Koa may provide aggregated insights related to usage of the App to third-parties, so that they can understand its impact. These insights will never include your Personal Data and no one will be able to know your name, email address nor see any raw data we have captured from your use of the App. Internal Koa team members shall process your Personal Data following applicable professional responsibilities and contractual obligations only for the purposes established in this Privacy Policy. We take appropriate measures to mandate the fair and confidential use of all Personal Data by our employees.

5. How long do we keep your data?

We will stop processing and /or delete your Personal Data if you withdraw consent or require us to do so at any time, or when your right to use the App terminates (whichever is earlier), except where we are able or required to rely on any of the following: (i) to the extent the data has already been anonymized or de-identified in such a manner that is no longer reveals your identity; (ii) (where applicable) for our legitimate business interests ; or (iii) for legal reasons (including to enforce or defend any legal obligation or rights or to comply with applicable law or government or court orders).

Your data is automatically deleted after 12 months in our systems once we have stopped processing it.

6. What rights do you have related to your personal data and how can you use them?

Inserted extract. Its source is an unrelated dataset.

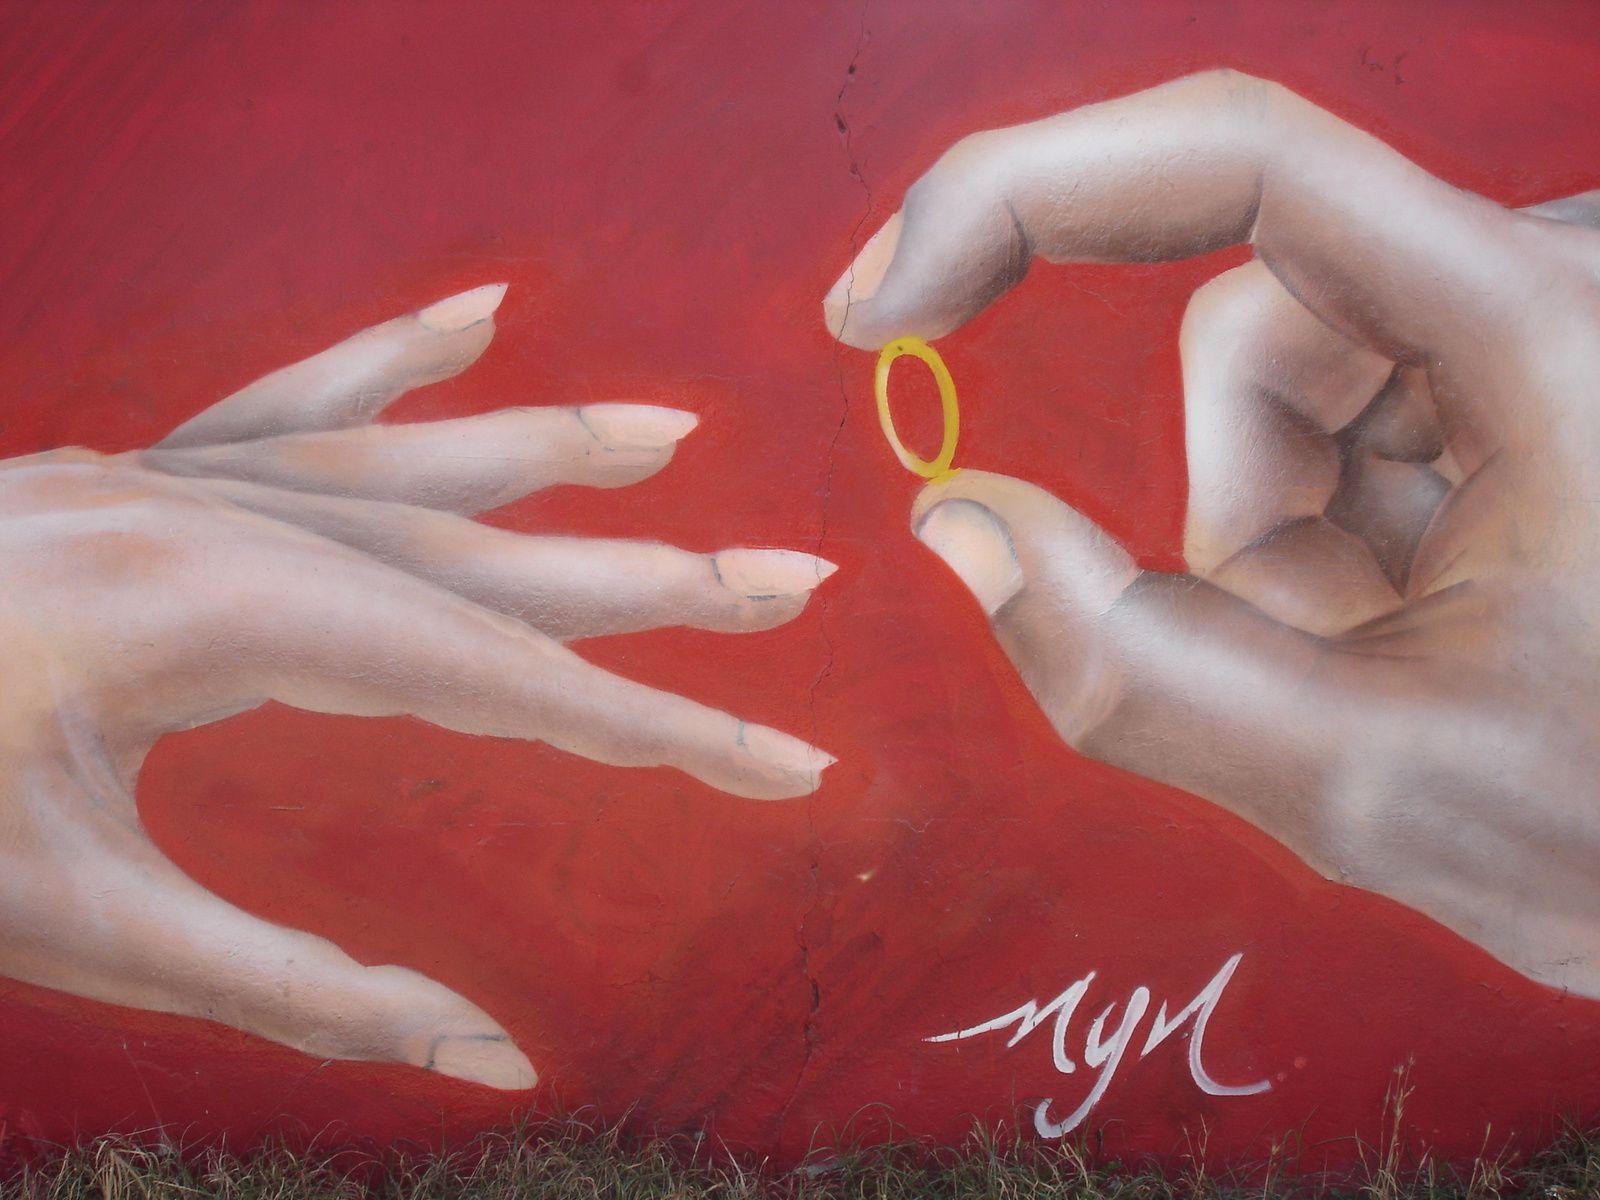 Ceci est une peinure murale de Valparaiso.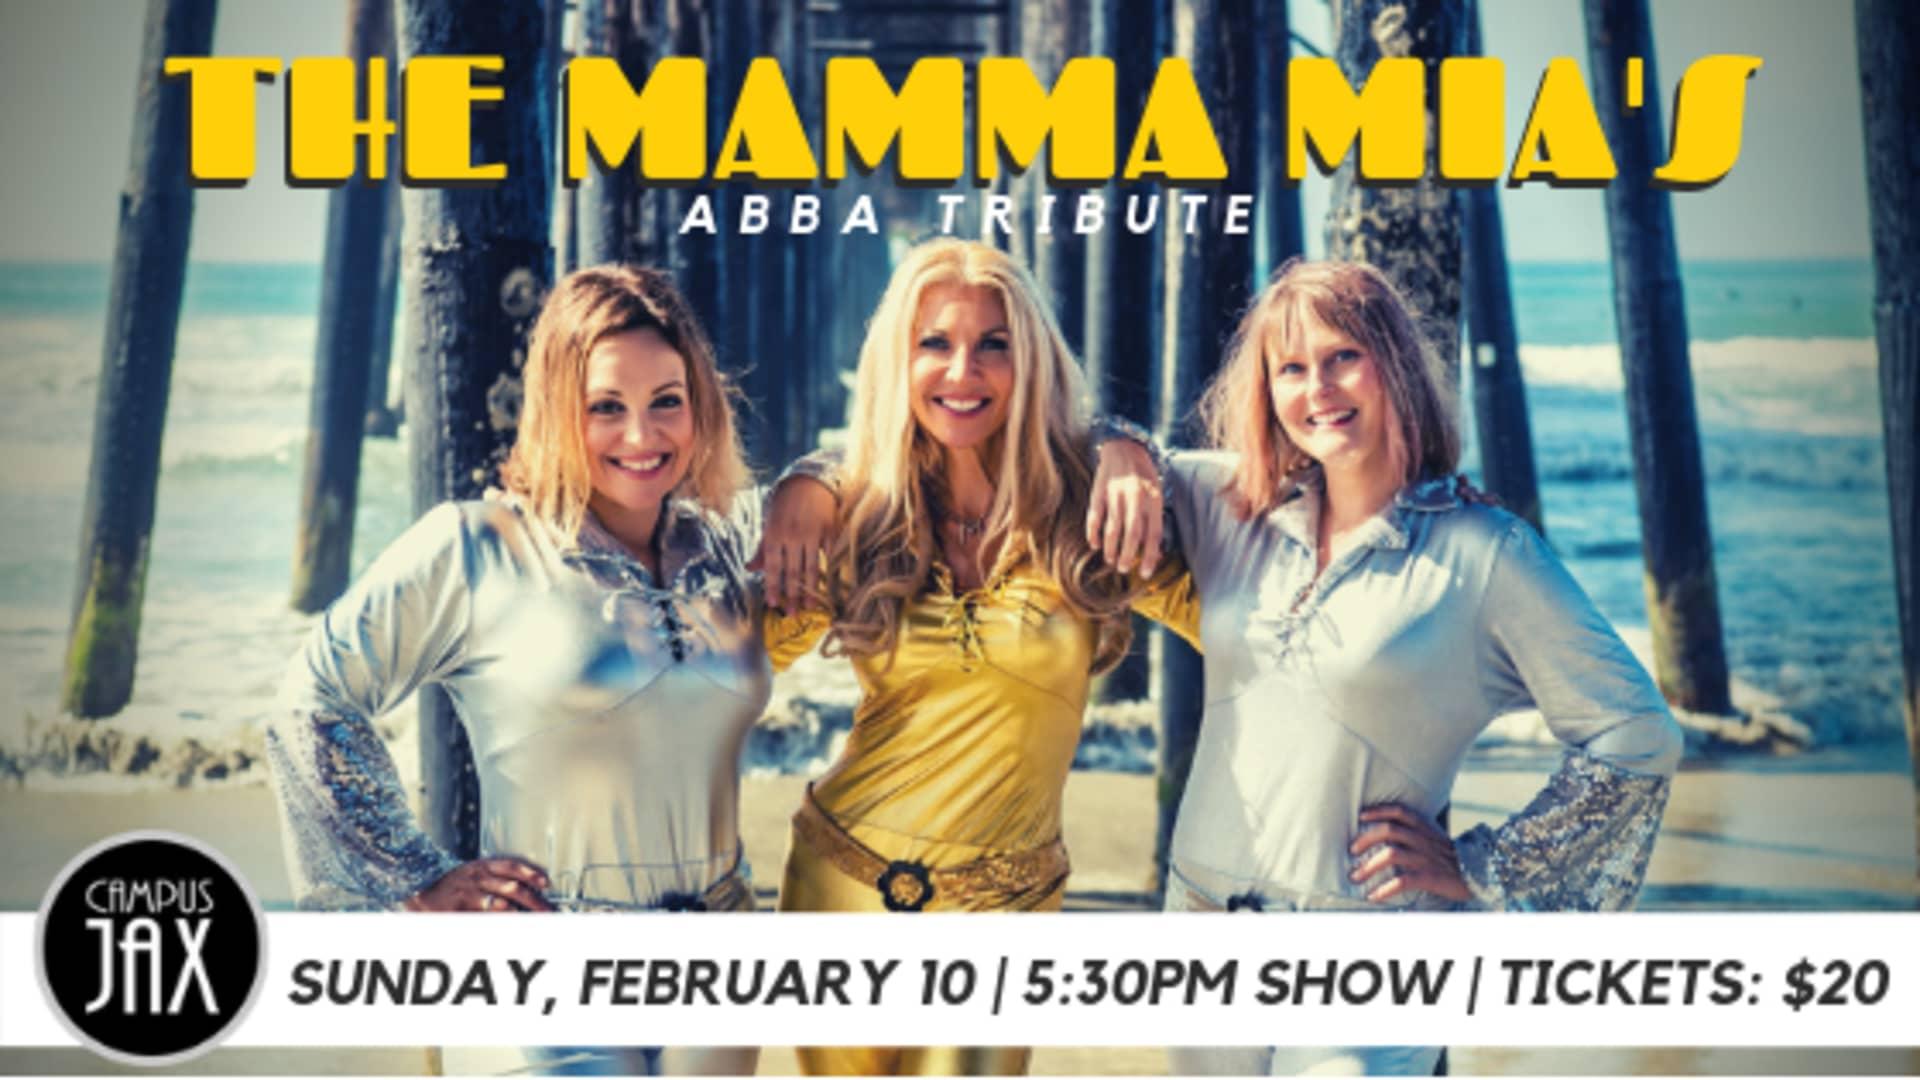 February 10 | THE MAMMA MIA'S

The data protection laws give you a series of rights regarding the personal information that we manage about you. Specifically, the rights of access, rectification, erasure, limitation, objection, portability, as well as not being subject to automated decisions and to, to the extent applicable, remove your consent at any time.

You can exercise these rights by contacting us at privacy@koahealth.com, using if possible the same e-mail address with which you registered in the App and identifying the right you want to request. In the event that you decide to exercise one of these rights through a representative, it will be necessary to provide with the request, the documentation that proves this condition

We will respond to your requests with a maximum of 30 days. That period may be extended by an additional 30 days if necessary. In the event of such extension, we will notify you within 30 days of receipt of the request, together with the reasons for the delay.

If you feel your data privacy rights have been breached, you also have the right to file a complaint with a Data Protection Control Authority (e.g., the Information Commissioner’s Office).

You may have additional rights as specified in Section 9 (“Other Applicable Laws”) below.

7. How do we keep your data safe?

Koa is responsible for ensuring the security, integrity and confidentiality of your Personal Data. Therefore, as part of our commitment and in compliance with current legislation, we have adopted technical, physical, administrative and organizational security measures and technical means to prevent their loss, misuse or access without your authorization.

We protect all communications between the App and the servers in line with common practice by using TLS for encryption and server authentication. We use ISO 27001 certified systems in order to protect your registration information including email and password. We store your Personal Data in an encrypted database.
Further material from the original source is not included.